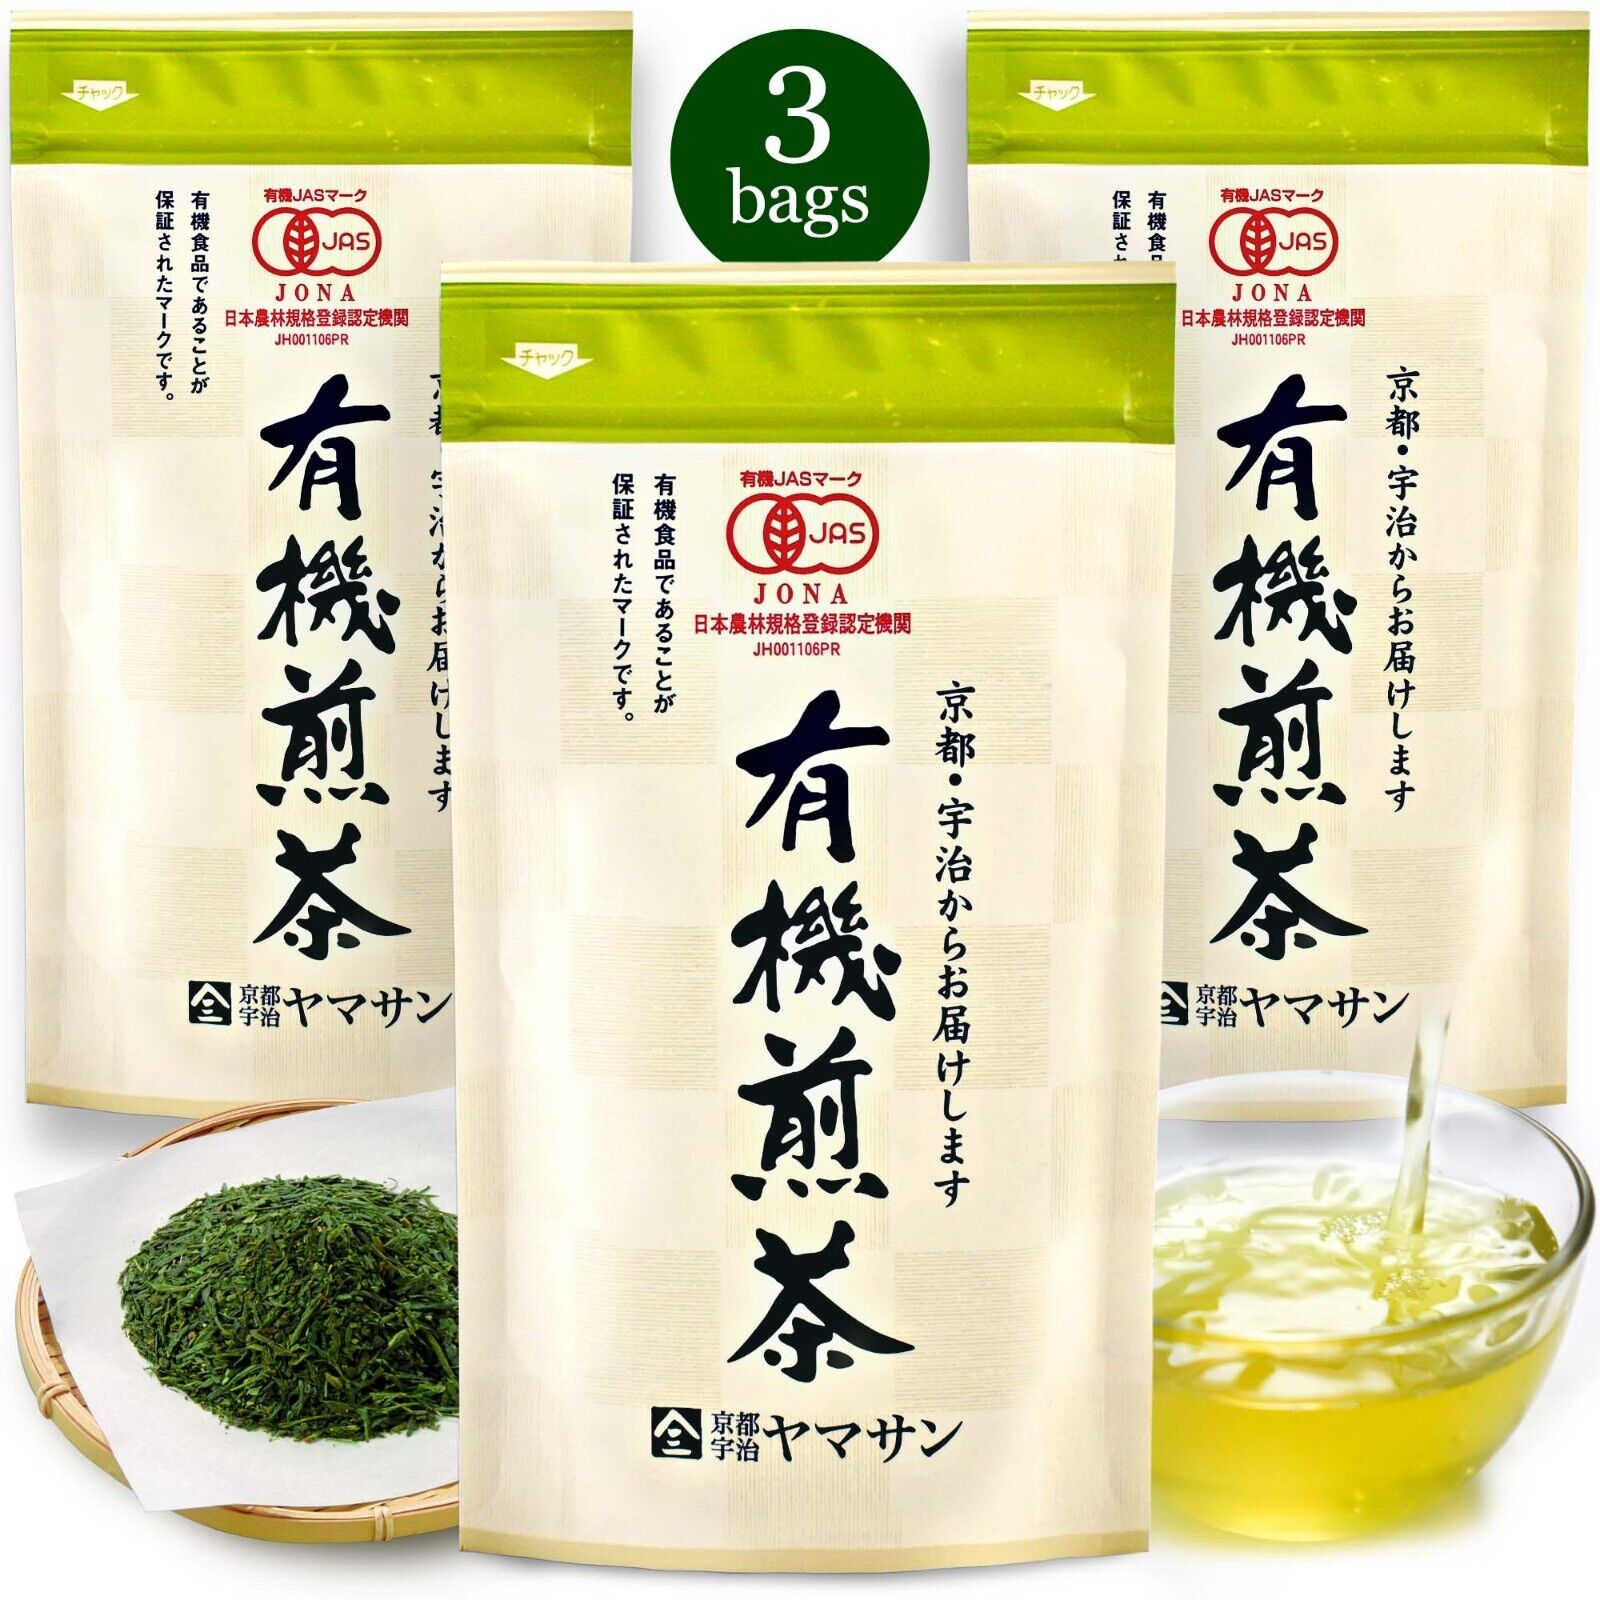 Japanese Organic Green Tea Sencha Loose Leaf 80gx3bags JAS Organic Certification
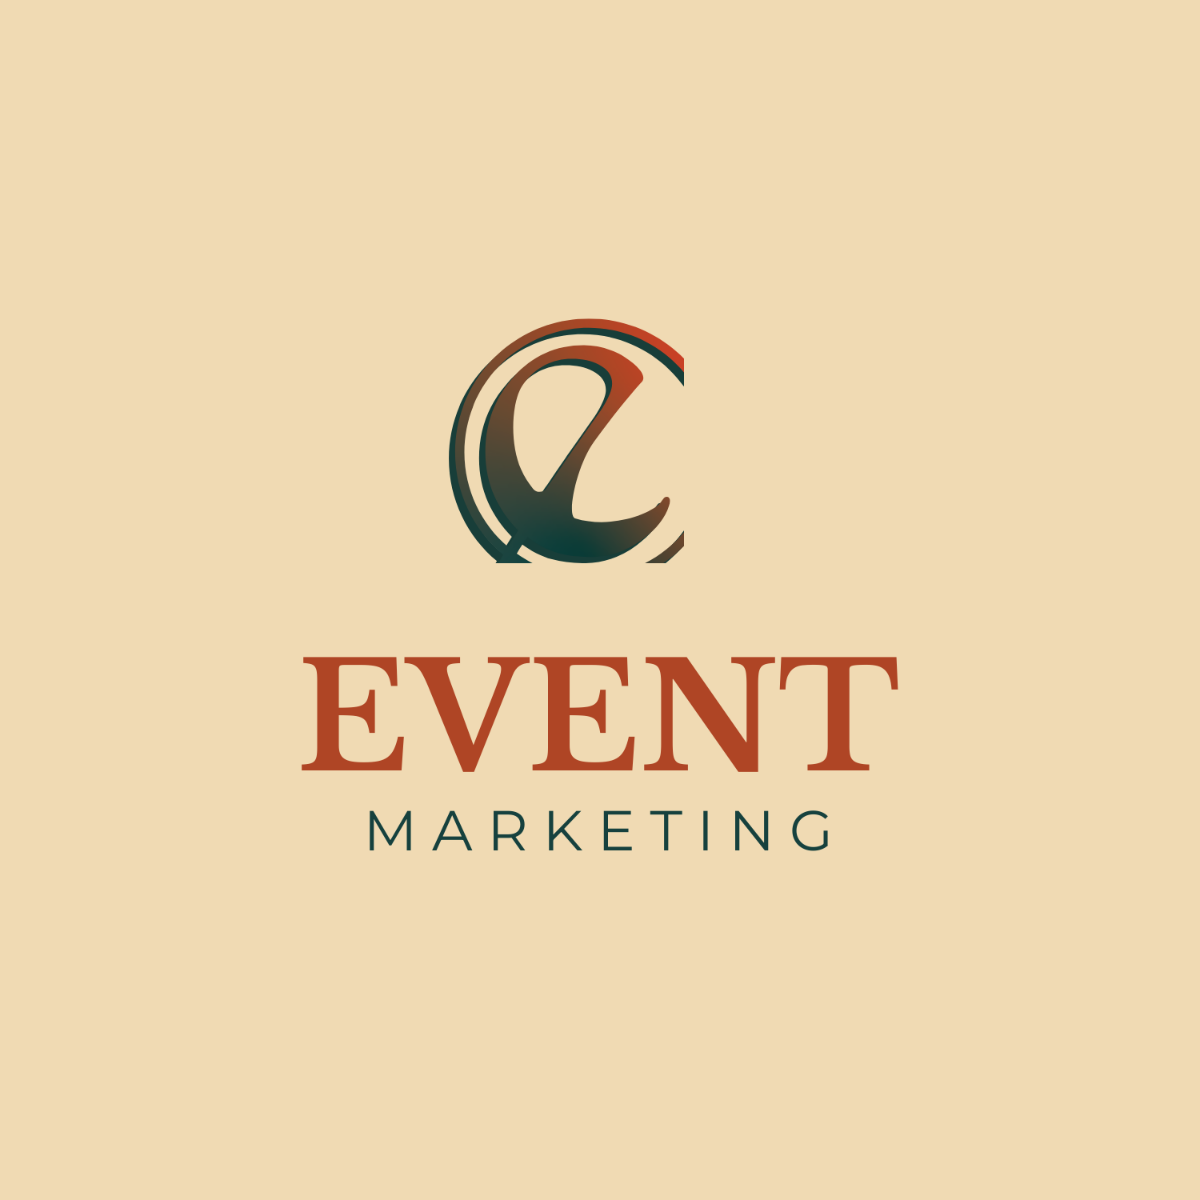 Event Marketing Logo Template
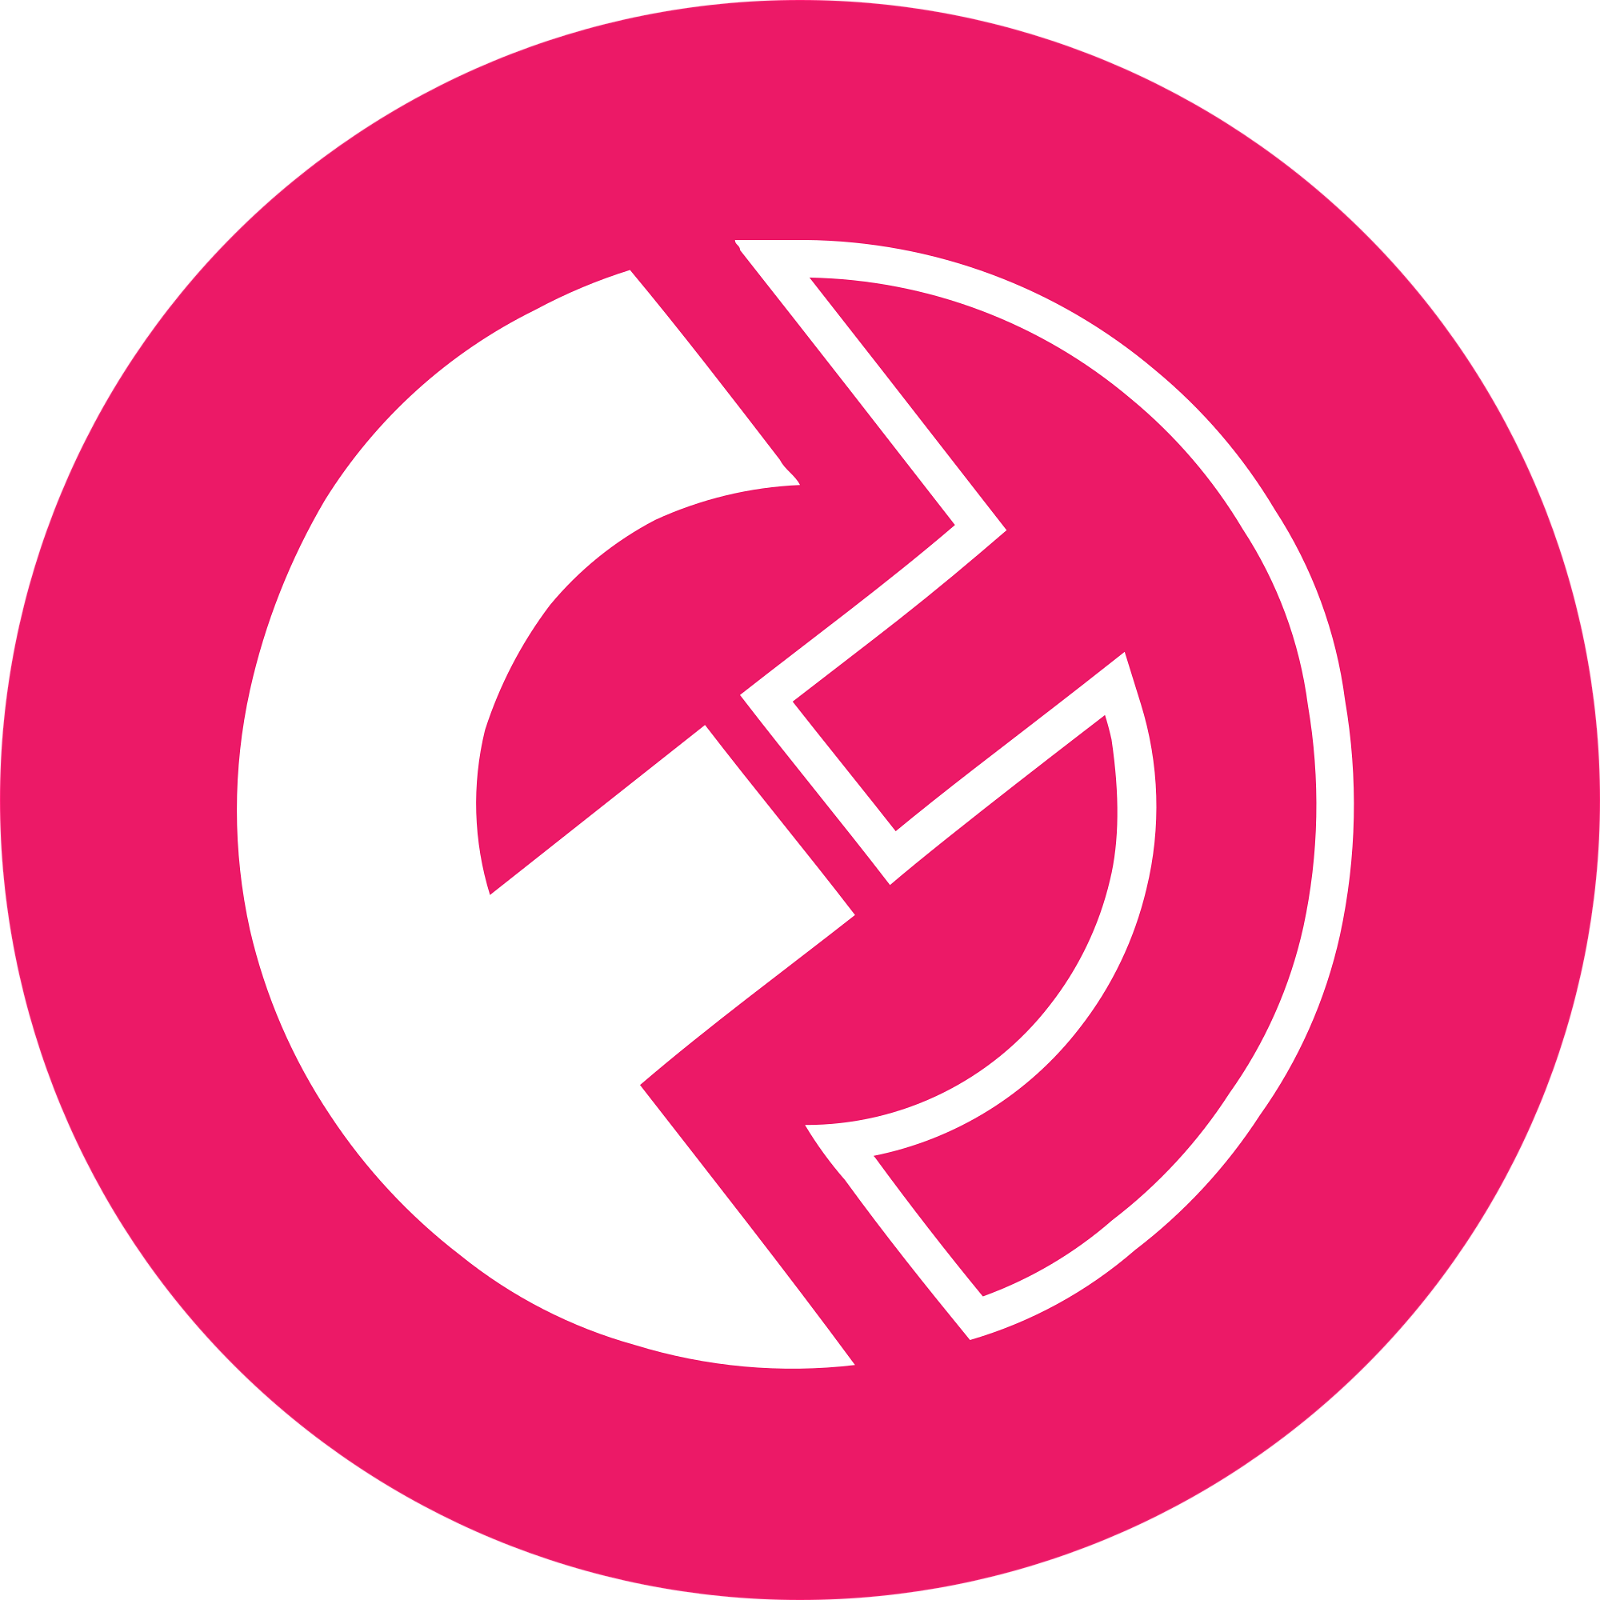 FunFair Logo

- **Exercise requirements**:
Copy the listing word for word, excluding its pictures.

- **Exercise response**:
 Japanese Organic Green Tea Sencha Loose Leaf 80gx3bags JAS Organic Certification
 Event Marketing Logo Template
 FunFair Logo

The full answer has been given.